Give back the whole listing word for word and skip each picture.
Top of DATA SECTION
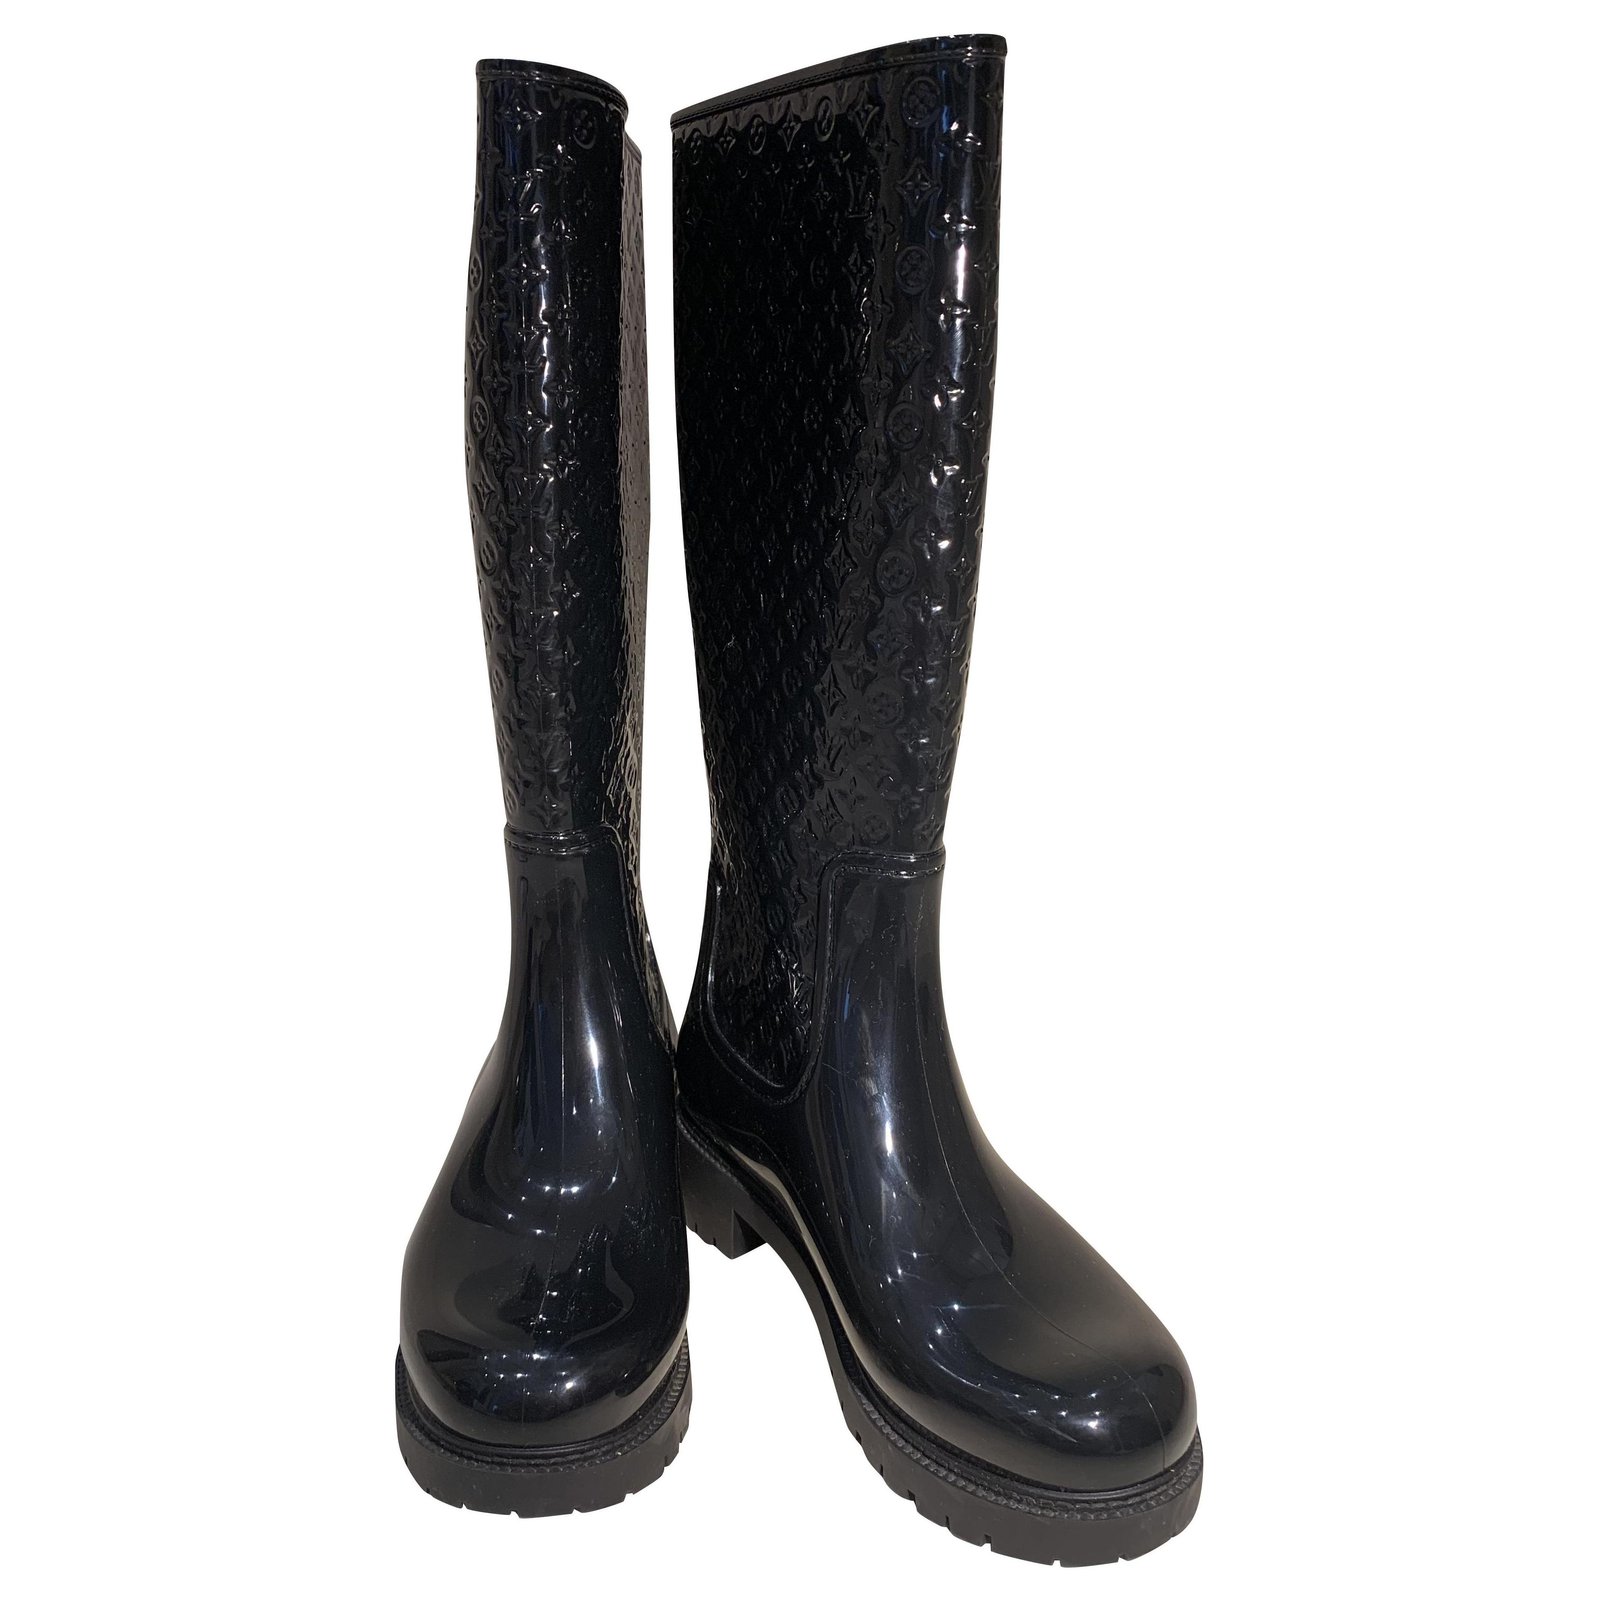 Drops wellington boots Louis Vuitton Black size 38 EU in Rubber - 33412064
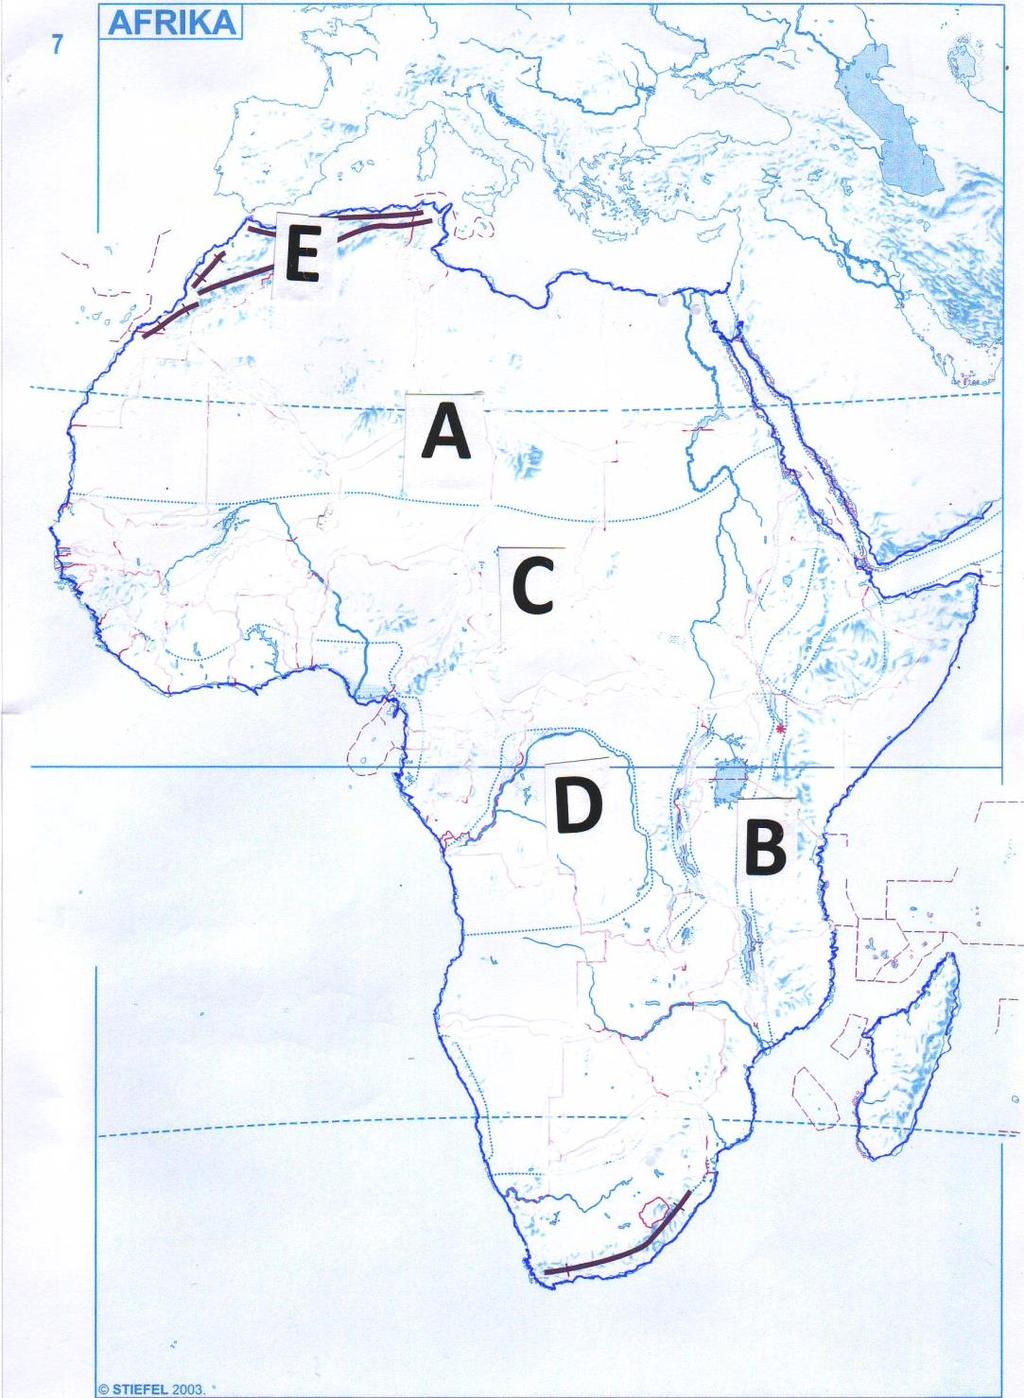 10 RAJZOS FELADAT AFRIKA TÁJAI ÚTMUTATÓ: Tanulmányozd a térképvázlatot, majd válaszolj a kérdésekre!
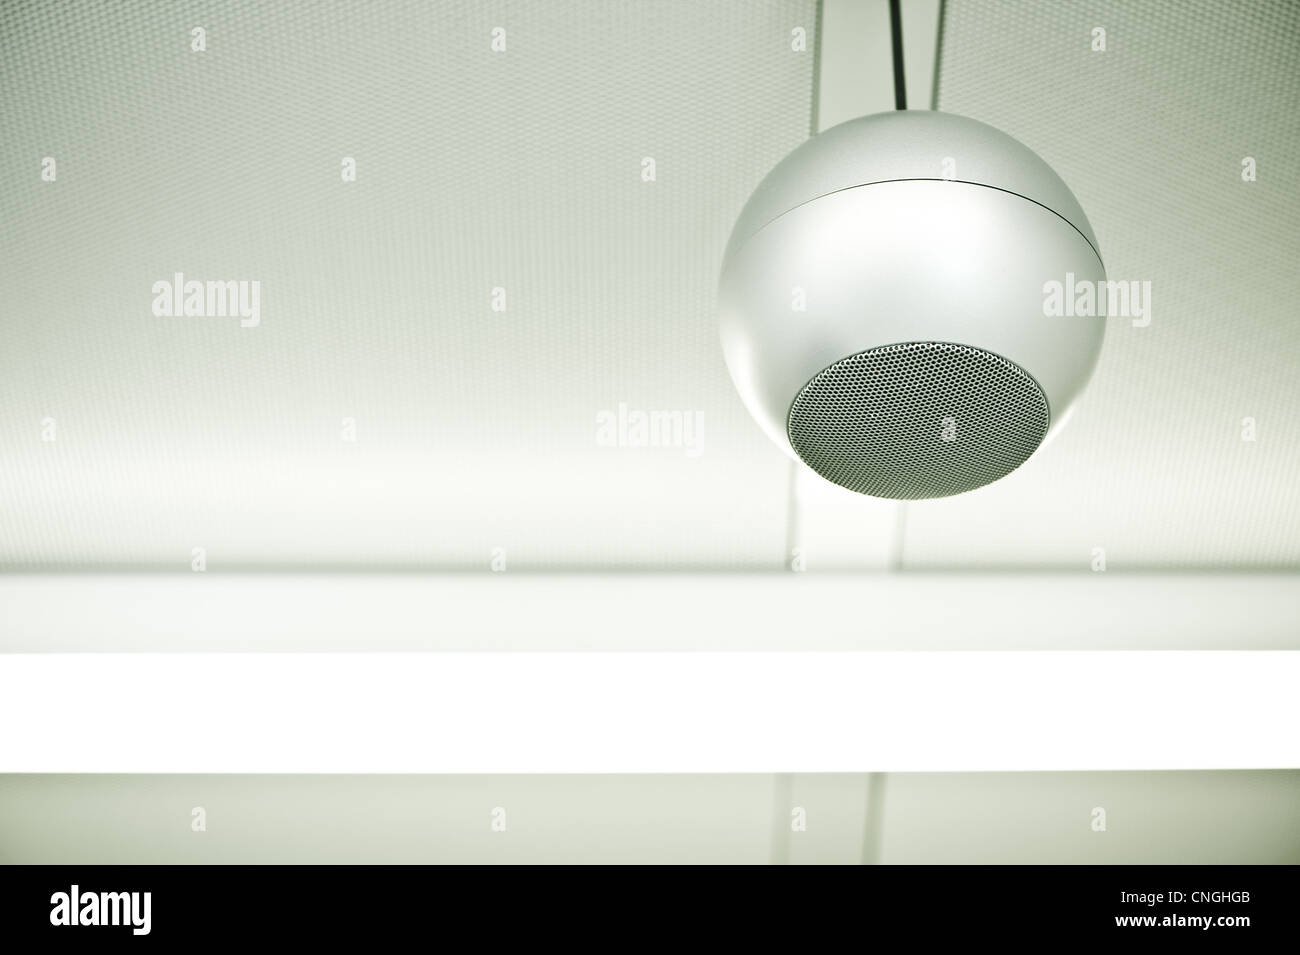 Eine einzelne runde Lautsprecher hängt von der Decke in ein steriles,  weißes Zimmer Stockfotografie - Alamy
Bottom of DATA SECTION
▶ **ANSWER SPACE**
 Drops wellington boots Louis Vuitton Black size 38 EU in Rubber - 33412064
 10 RAJZOS FELADAT AFRIKA TÁJAI ÚTMUTATÓ: Tanulmányozd a térképvázlatot, majd válaszolj a kérdésekre!
 Eine einzelne runde Lautsprecher hängt von der Decke in ein steriles,  weißes Zimmer Stockfotografie - Alamy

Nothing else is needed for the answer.